Por debajo del umbral, las sociedades siguieron siendo en gran medida igualitarias; por encima de él estaban dirigidos por unos pocos poderosos. En otras palabras, la “psicología del prestigio” (la maquinaria mental que guía de quién aprende la gente) crea un punto de inflexión social.

El siguiente paso fue traer personas reales al laboratorio y medir su tendencia a seguir a líderes prestigiosos. Esto puede decirnos si nosotros, como especie, estamos por encima o por debajo de un punto de inflexión, es decir, si nuestra psicología favorece a los grupos igualitarios o jerárquicos.

Para ello, mis compañeros y yo dividimos a los participantes en pequeños grupos y les dimos problemas para resolver. Registramos a quién escuchaban los participantes y les hicimos saber de quién estaban aprendiendo sus compañeros de grupo, y utilizamos esta información para encontrar valor en la tendencia humana a “formar una jerarquía”. Era alto, muy por encima del umbral para que surgieran jerarquías, y nuestros grupos experimentales terminaron con líderes claros.

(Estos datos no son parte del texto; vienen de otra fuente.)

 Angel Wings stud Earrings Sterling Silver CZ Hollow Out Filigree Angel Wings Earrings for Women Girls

Quedaba una duda: nuestros voluntarios eran de los Estados Unidos modernos. ¿Pueden realmente hablarnos sobre toda la raza humana?

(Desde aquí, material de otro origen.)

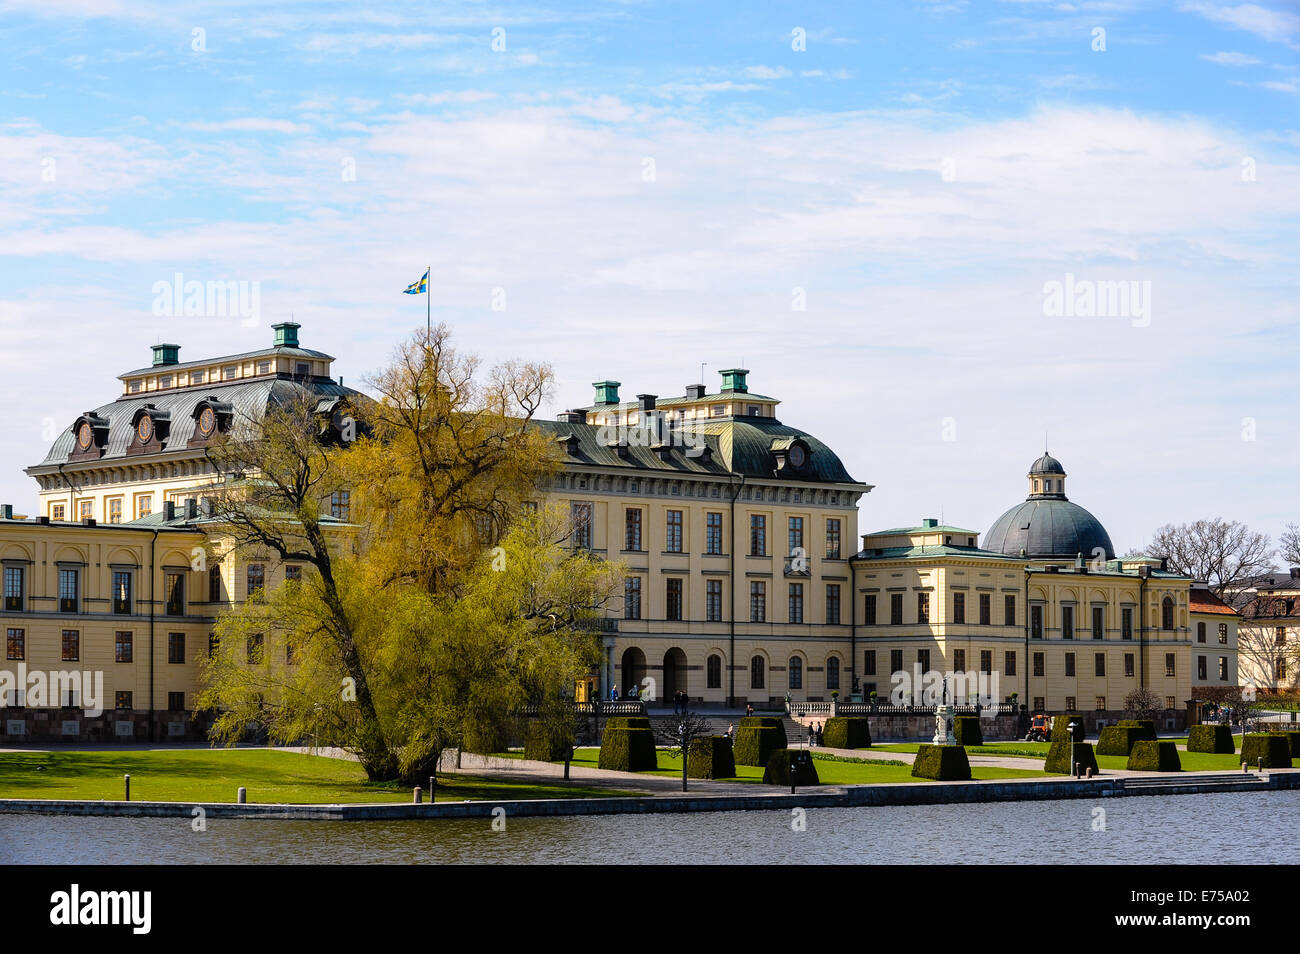 Sweden, Ekerö. The Drottningholm Palace (Drottningholms slott). Stock Photo

En lugar de repetir el estudio en decenas de culturas, volvimos a modelar. Esta vez dejamos que evolucione la psicología del prestigio. Cada persona simulada tenía su propia preferencia sobre cuánto favorecía el prestigio. Dirigió sus acciones, afectó su condición física y se transmitió a sus hijos con mutaciones menores.

A lo largo de miles de generaciones, la selección natural ha identificado la psicología más exitosa: una sensibilidad al prestigio casi idéntica a la que hemos medido en personas reales, y lo suficientemente fuerte como para producir las mismas jerarquías marcadas.

un joven en una pizarra sosteniendo un balón de fútbol con amigos en el fondo

Un sesgo hacia la psicología del prestigio significa que pueden surgir líderes incluso en grupos informales. Luis Alvarez/DigitalVision vía Getty Images ¿Desigualdad para todos?

En otros primates, estar en la parte inferior de la escala social puede ser brutal, con acoso e intimidación rutinarios por parte de los compañeros de grupo. Afortunadamente, las jerarquías de prestigio humano no son así. Incluso sin ningún tipo de coerción, las personas suelen optar por seguir a personas capacitadas o respetadas porque un buen liderazgo hace la vida más fácil para todos. La selección natural parece haber favorecido una psicología que lo hace posible.

Por supuesto, la realidad es más confusa que cualquier modelo o experimento de laboratorio. Nuestras simulaciones y experimentos no permitieron la coerción ni el acoso, por lo que brindan una visión optimista de cómo pueden funcionar las sociedades humanas, no de cómo lo hacen.

En el mundo real, los líderes pueden abusar egoístamente de su autoridad o simplemente no lograr beneficios colectivos. Incluso en nuestro experimento, algunos grupos se unieron en torno a compañeros de equipo por debajo del promedio, una tendencia a que el prestigio disminuya como señal de poca capacidad. Los líderes siempre deben rendir cuentas del resultado de sus decisiones, y la base evolutiva del prestigio no justifica la opresión de los impotentes por parte de los poderosos.

Por tanto, las jerarquías siguen siendo un arma de doble filo. Las sociedades humanas son únicas en cuanto a las ventajas que las jerarquías pueden aportar a sus seguidores, pero las viejas fuerzas de dominación y explotación no han desaparecido. Aún así, el hecho de que la selección natural haya favorecido una psicología que impulsa el respeto voluntario y los líderes poderosos sugiere que, en la mayoría de los casos, vale la pena correr el riesgo de establecer jerarquías de prestigio. Cuando les va bien, todos cosechamos las recompensas.